À Bordères-sur-Echez, Stéphane Portron propose, avec sa compagne, une discipline atypique et encore confidentielle : l’escrime artistique. Lui-même maître d’arme, il souhaite développer les combats de cape et d’épée comme à la télé.
Manier le fleuret comme un mousquetaire ou encore le sabre comme un vrai samuraï. C’est ce que visent Stéphane Portron, 33 ans et Inès Kaddour-Boukari, 46 ans. Le couple vient de se lancer un pari un peu fou : apprendre aux Bigourdans à se battre comme dans les films de cape et d’épée. Cette discipline a un nom : l’escrime artistique dite aussi escrime de spectacle. » Contrairement à l’escrime sportive où on forme à la compétition entre les clubs et on touche l’autre pour aller chercher des points, l’escrime artistique est un échange avec son partenaire qui n’est pas considéré comme un adversaire « , commence par expliquer Stéphane Portron. Le Pyrénéen sait de quoi il parle, il a pratiqué l’escrime à Tarbes pendant dix ans, de ses 9 ans à ses 19 ans. » A 19 ans, je suis devenu maître d’arme grâce à un BP JEPS (Le brevet professionnel de la jeunesse, de l’éducation populaire et du sport). Je n’en ai pas fait mon métier mais la passion est restée « , précise. Avec Inès, passionnée d’histoire, écrivaine et conteuse, il vient de monter l’association The way of the sword.
La passion a perduré et a évolué. » L’escrime artistique date du XVIIe siècle et s’appuie sur des traités d’arts martiaux écrits par les maîtres d’armes eux-mêmes. Il s’agit de combats de plaisance dans un esprit de reconstitution historique.
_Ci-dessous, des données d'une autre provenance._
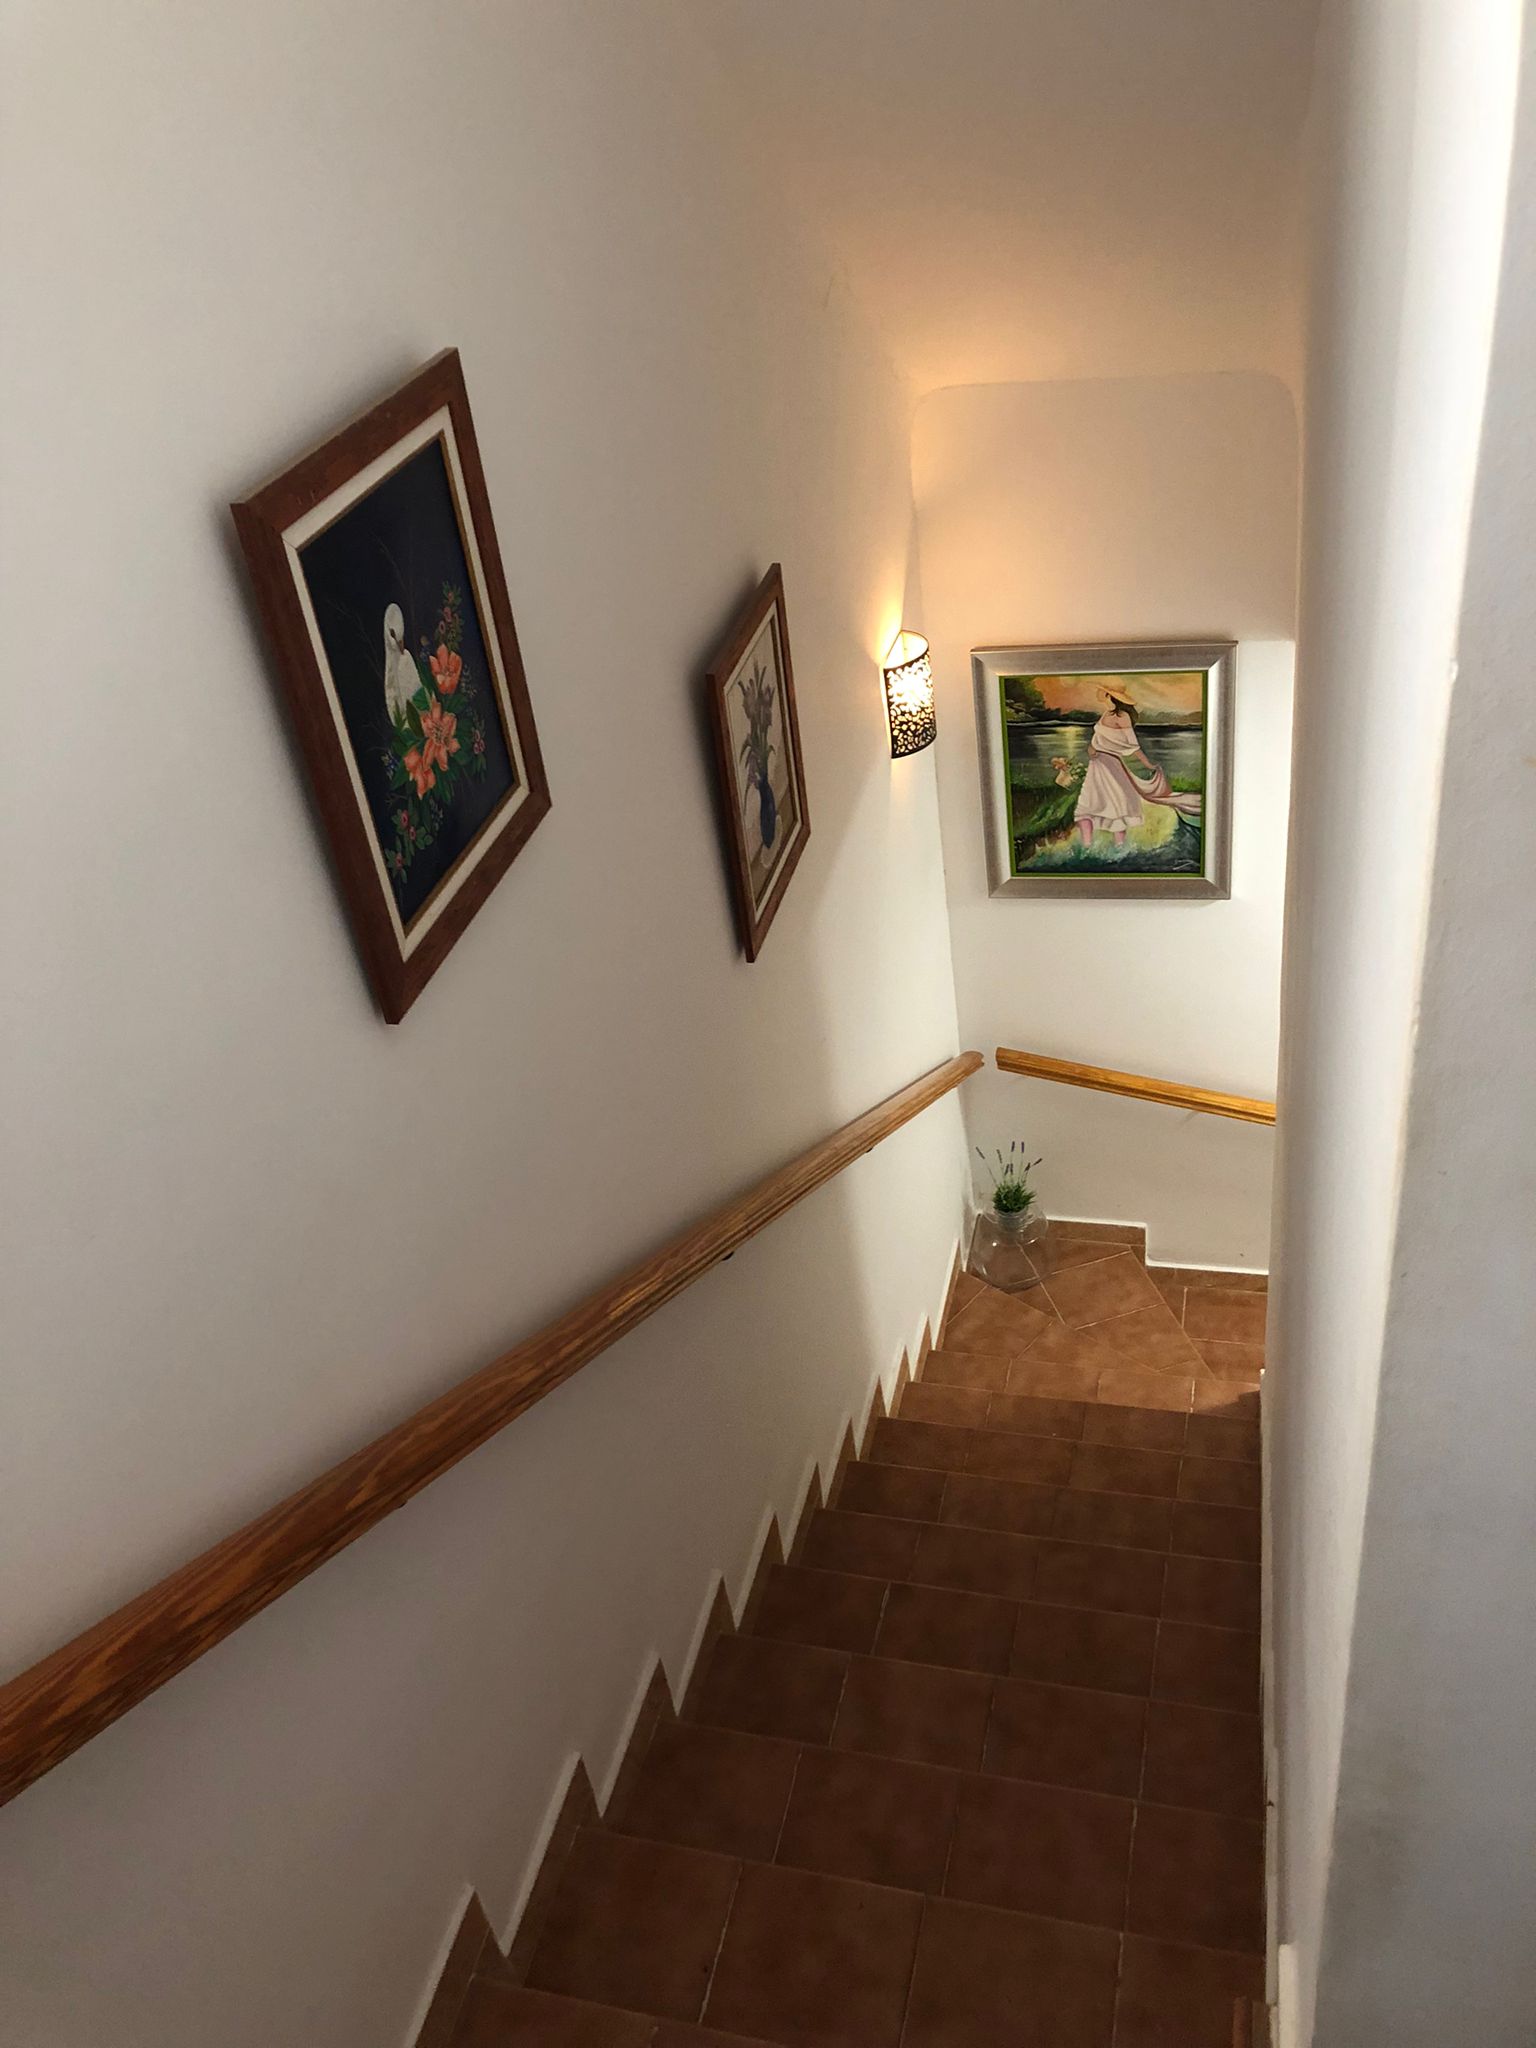 La Nucia: Spacious townhouse with 3 bedrooms

C’est un duel qui donne l’illusion d’un combat mais qui relève plutôt d’une danse chorégraphiée comme ce qui se pratique au Puy du Fou ou comme ce que l’on peut voir dans Zorro, dans Pirate des Caraïbes ou dans les Trois mousquetaires.
Premier exercice : le mouvement de croix
Qui dit escrime artistique dit tenue d’époque. Si les entraînements se pratiquent en baskets, survêtements, comme une séance d’activité physique classique, les démonstrations prennent une autre allure avec chemise blanche, cape, bottes de mousquetaires, épée de cour en laiton ou rapière (épée à double lame). » Pour les spectacle, je vais pousser la chose encore plus loin car on compte faire un condensé de toutes les cultures de l’escrime comme celle du Japon ou d’Afrique « , détaille le professeur.
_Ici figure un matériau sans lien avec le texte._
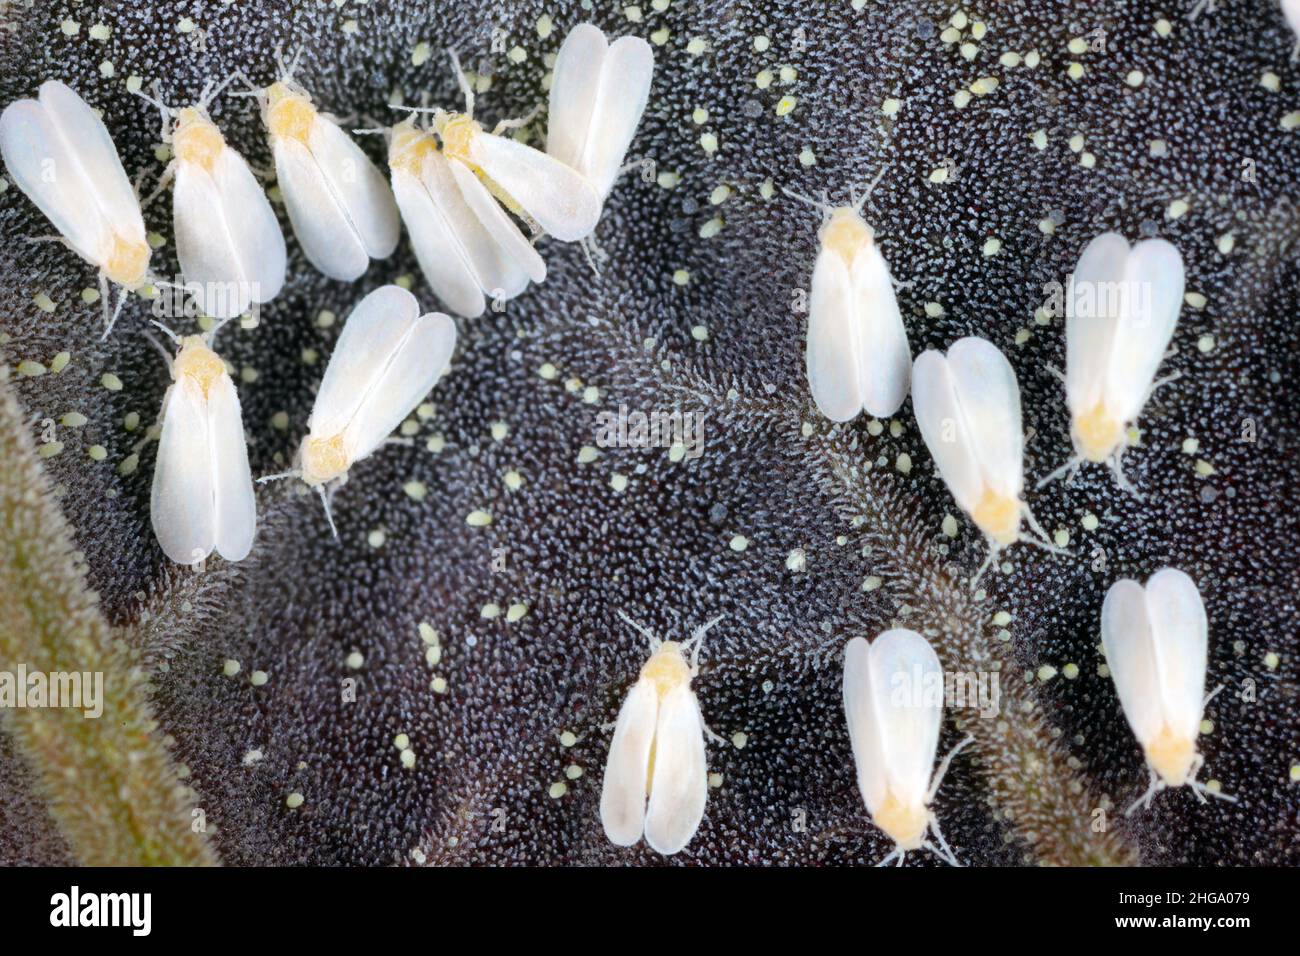 Greenhouse whitefly - Trialeurodes vaporariorum on the underside of leaves. It is a currently important agricultural pest. Stock Photo

Pendant les séances d’entraînement, les participants munis de gants, d’un plastron et d’une épée en plastique semi-rigide, sont invités à reproduire les gestes des chevaliers. Premier exercice : le mouvement de croix, explications à l’appui. » On part de bas en haut en formant un arc de cercle avec son épée, on oriente vers l’épaule gauche puis l’épaule droite. On ouvre la garde et on va chercher loin devant avec son corps ». Les cours débuteront dans les prochaines semaines, en avril, à Bordères-sur-Echez pour des séances en salle mais aussi à l’extérieur. Les intéressés sont attendus à partir de 10 ans. Armes et gilets de protection seront fournis. Mais charge aux inscrits de s’équiper de gants adaptés. » C’est un sport accessible à tous qui ne nécessite pas de condition physique particulière. Il faut simplement avoir un minimum d’auto-discipline « , souligne le maître d’art. Il n’y a plus qu’à.